Not only is it early in the season, Ed, but this season the Nationals’ starters have faced three teams expected to be bottom feeders — Cubs, Mets, and Astros — and a fourth, the Reds, whose supposedly high-octane offense has posted a mere 21 runs in its eight games against teams away from Washington.

The staff is about to have its mettle tested. Following tonight’s series finale against Houston, the Marlins show up for a three-game weekend series. Next week they head out to Southern California for three games with the lowly Padres but then have another three with the more potent Dodgers. The Nats then welcome May with six at home, divided equally between the Diamondbacks and Phillies.

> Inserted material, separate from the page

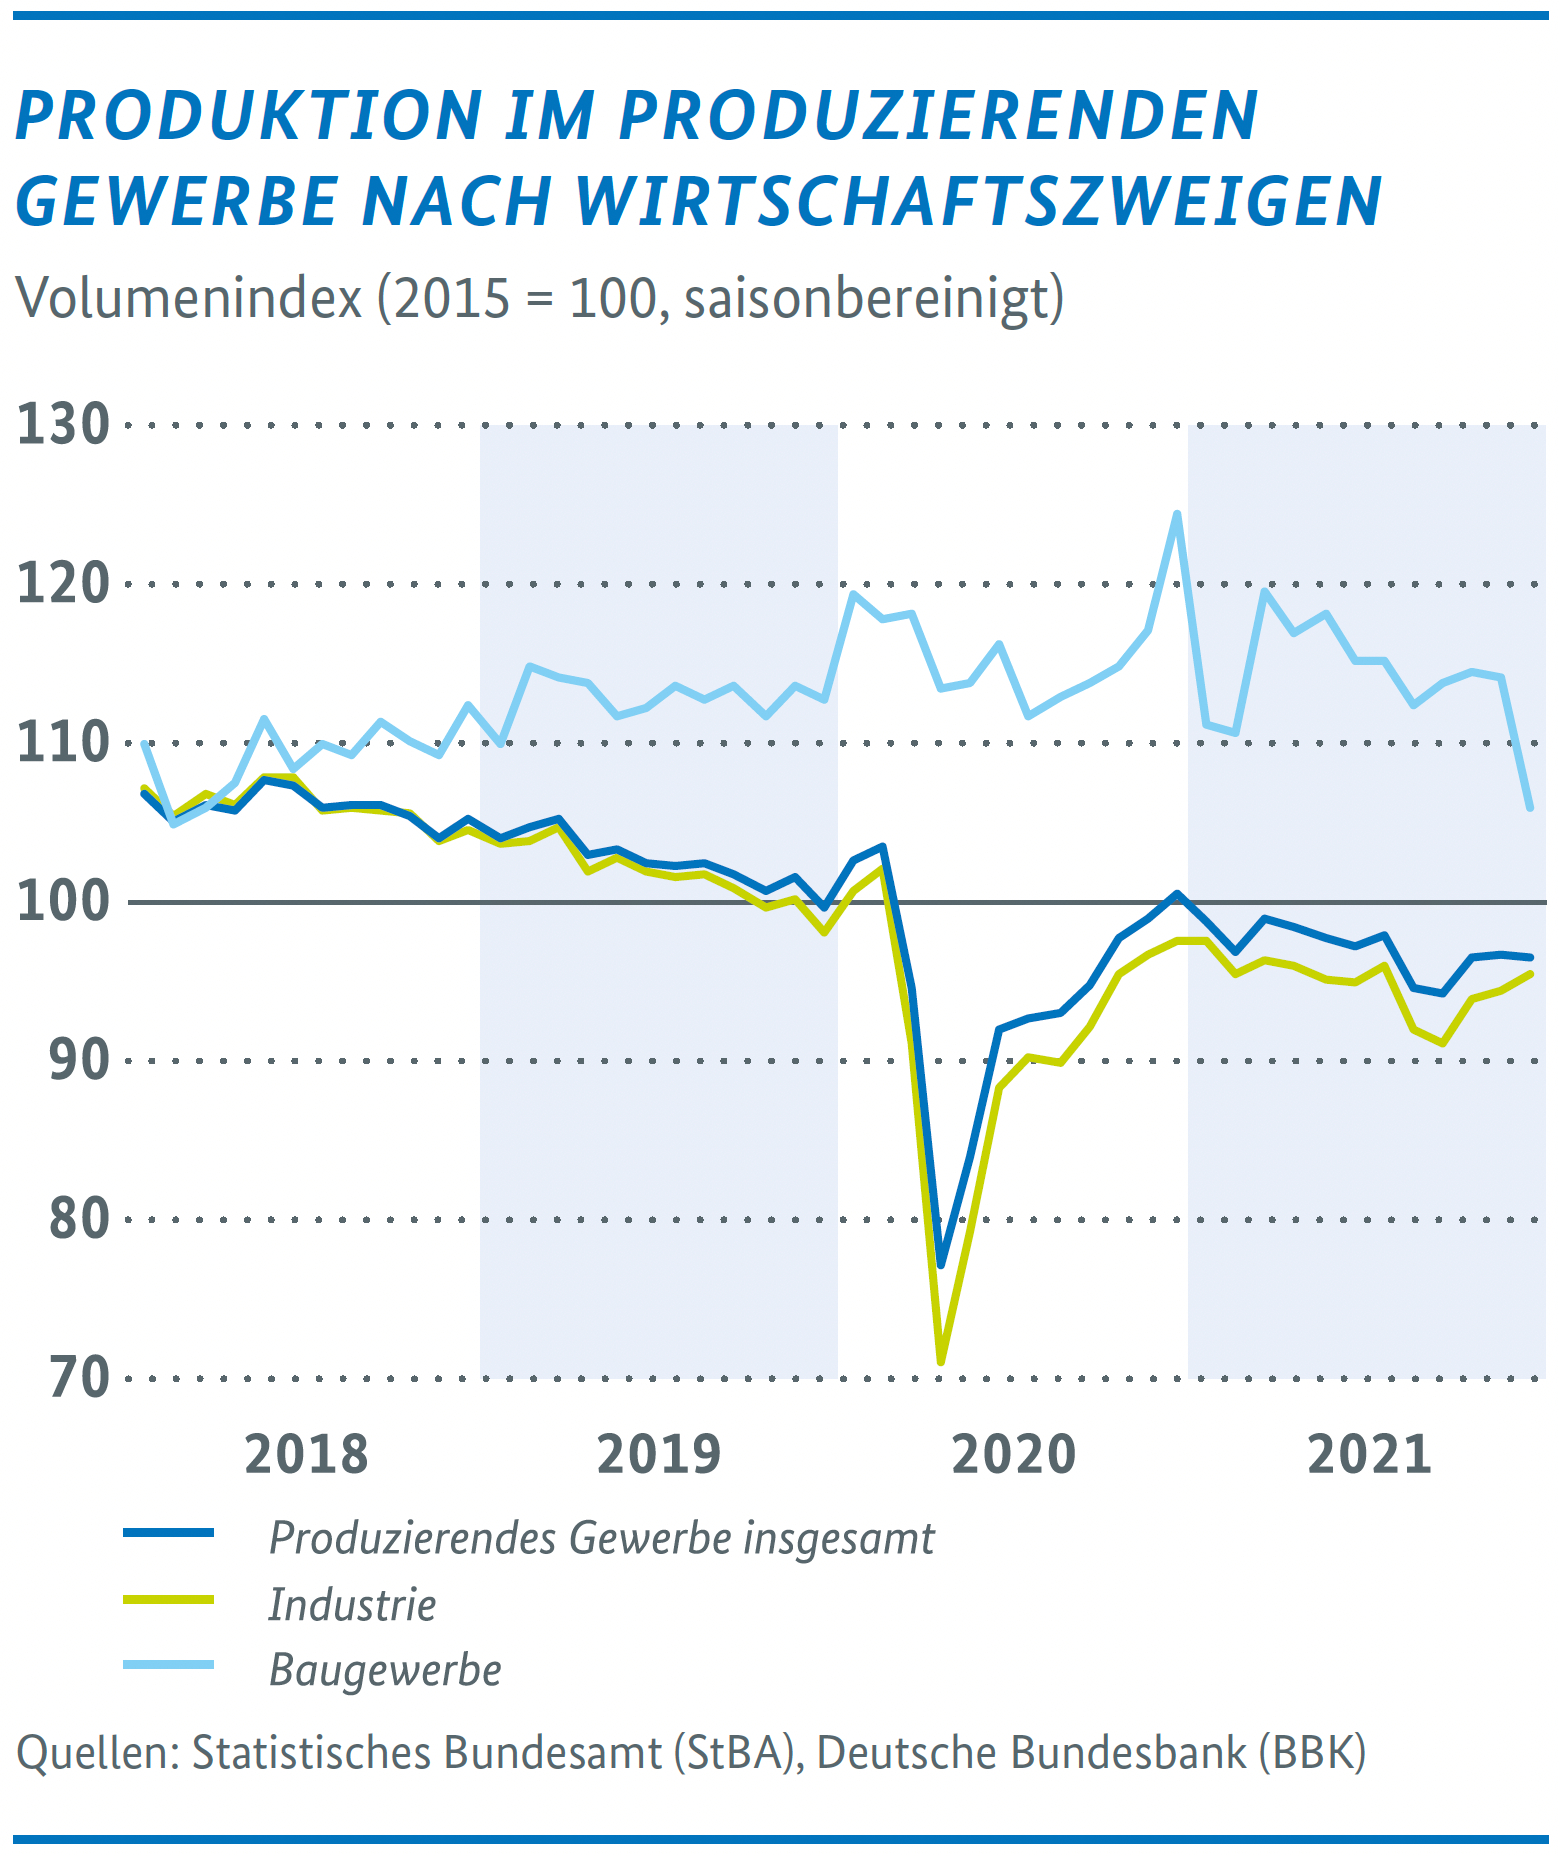 Wirtschaftliche Lage in Deutschland – Produktion im produzierenden Gewerbe nach Wirtschaftszweigen

In short, the rotation will almost certainly regress in the coming days so it is incumbent on all position players not named Adam LaRoche (.392 wOBA) and Jayson Werth (.406) to step up to the plate.

And speaking of great pitching, how about a few cheers for Matt Cain, Cliff Lee, and Bartolo Colon?

The first two faced off against one another at AT&T Park last night. Lee pitched 10 stellar innings, expending a mere 102 pitches. Cain, who had pitched a complete game one-hitter in his last outing, hurled another nine innings of awesomeness, allowing only two hits while throwing only 91 pitches. The Giants ultimately prevailed over the Phillies, scoring the only run of the game in the bottom of the 11th inning.

Farther down the coast, A’s starter Colon threw 38 consecutive strikes to Angel batters in a 6-0 victory.

Susan Slusser of the San Francisco Chronicle points out:

The data so far goes back to 1988, and Colon’s streak is the longest in that 24-year stretch. The next highest total in that time: 30 in a row by Tim Wakefield in 1998.

Colon, who turns 39 later next month, signed a $2 million free-agent contract with Oakland in late January.